= Focus stealing =

In computing, focus stealing is a mode error occurring when a program not in focus (e.g. minimized or operating in background) places a window in the foreground and redirects all keyboard input to that window. This is considered to be an annoyance or hazard to some users because the program may steal the focus while the user is typing, causing keystrokes to go to the newly focused window, possibly being lost or causing an unintended effect therein.
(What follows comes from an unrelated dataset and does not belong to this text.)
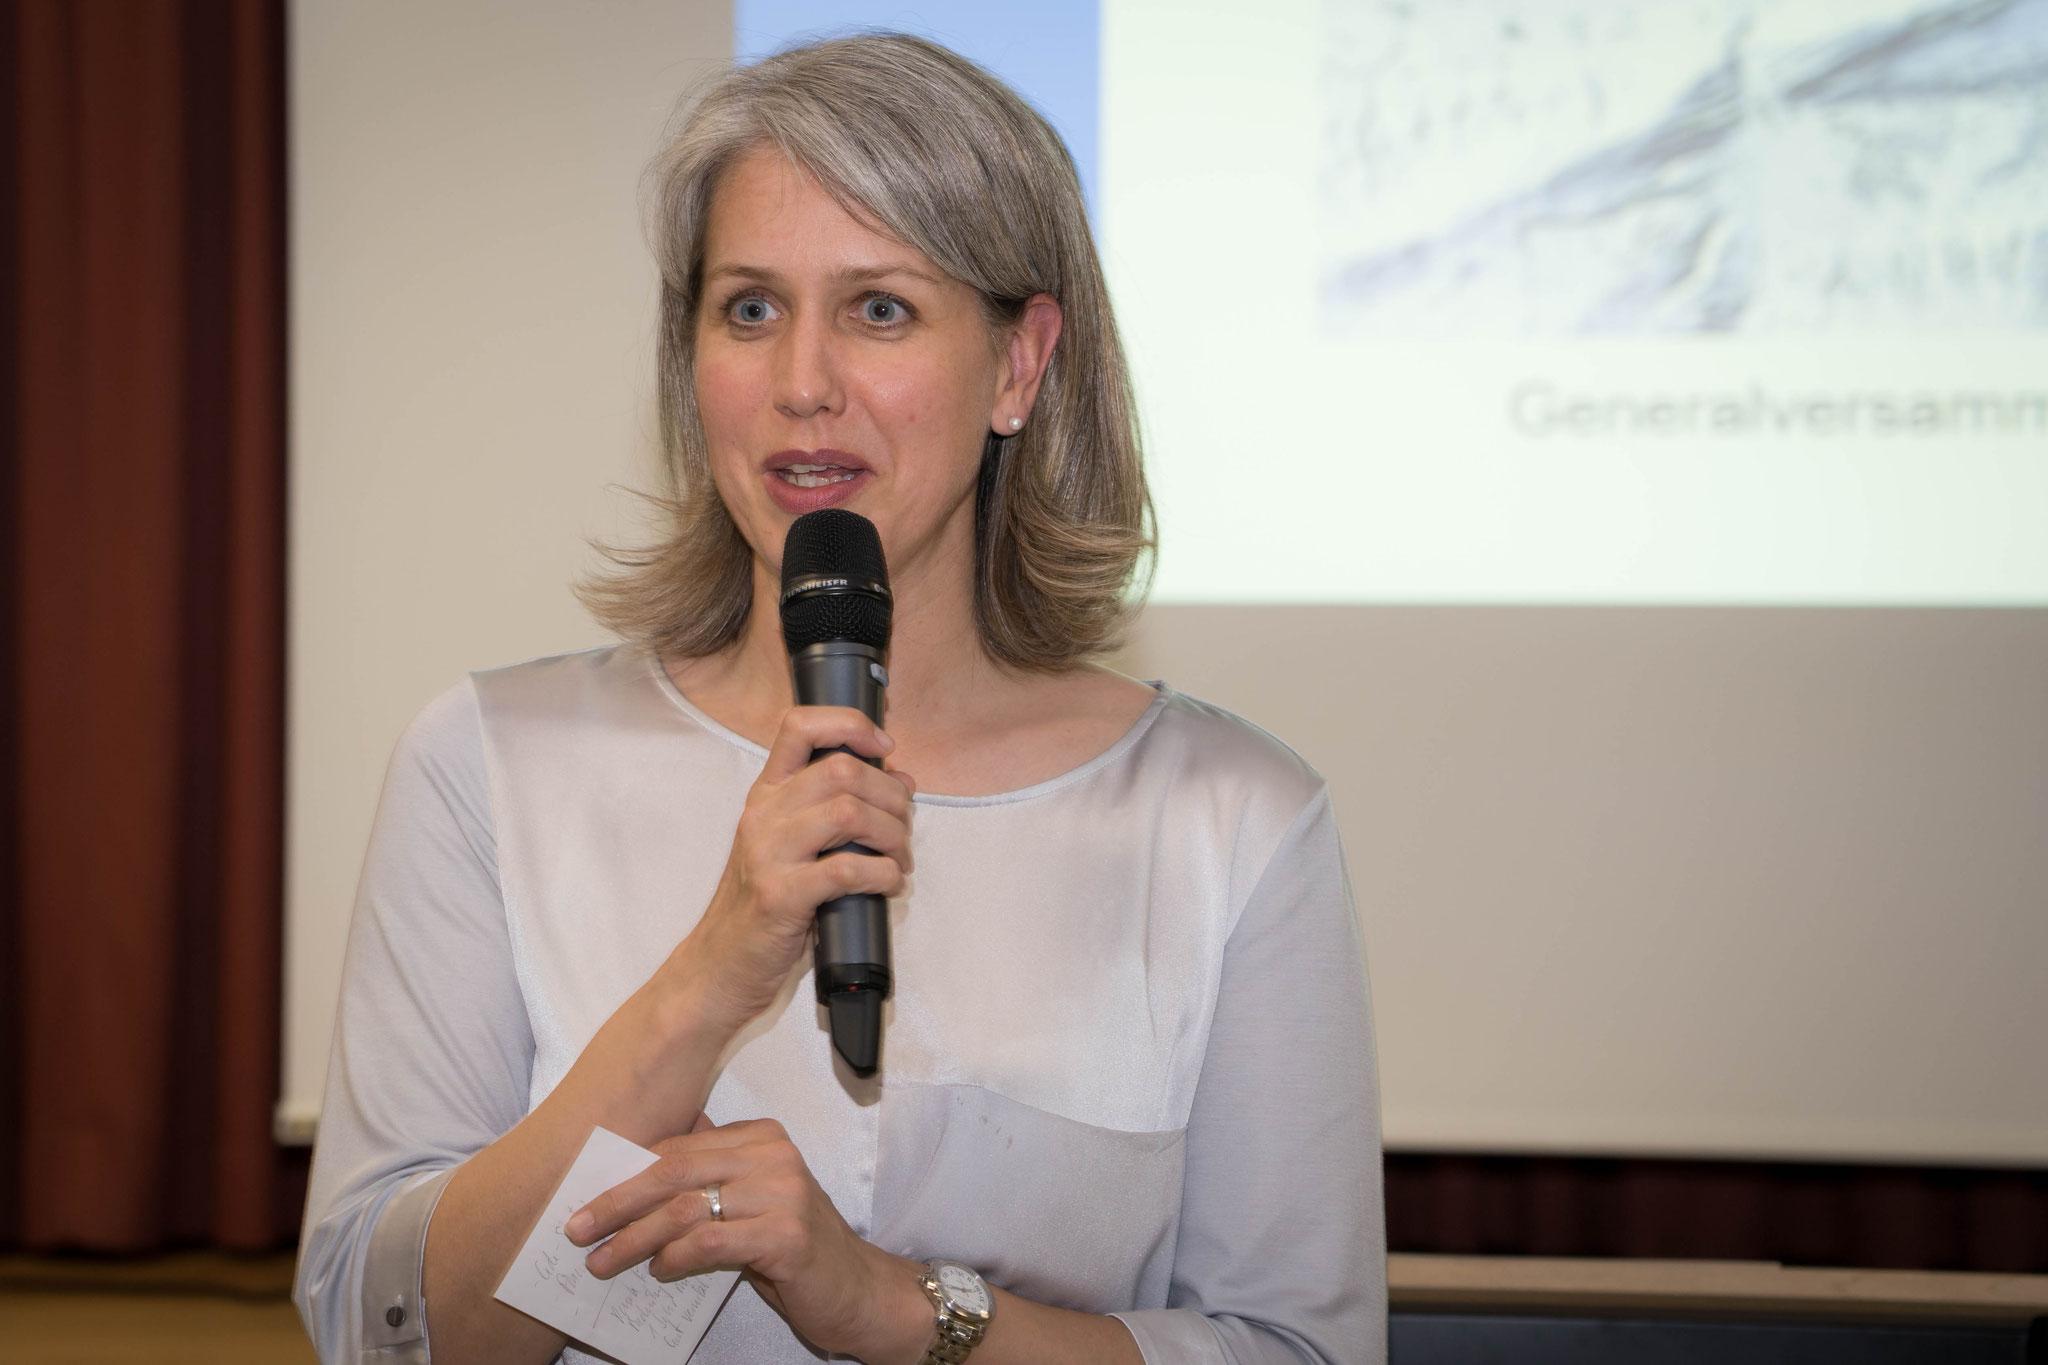 Stadträtin Franziska Bitzi überbringt die Grüsse aus dem Stadtrat ...

This may be a few keystrokes due to reaction time, or may be more if the user's attention is not on the computer screen, e.g. typing while looking at the keyboard or while reading copy to the side, or if processor lag causes a delay (sometimes of several seconds) between the focus stealing event and the newly focused window displaying on the screen.

== Security issues ==
Focus stealing can cause damage, as users may, while typing when their attention is away from the screen, inadvertently agree to a program doing something that causes damage. For example, when Microsoft Windows pops up the Disk Cleanup wizard, the user may "agree" to deleting files without realizing that the wizard was waiting for input. Focus stealing can also on occasion cause security breaches, for example, when a user enters a password and the typed password appears instead in a new instant-messaging window in an unmasked input field.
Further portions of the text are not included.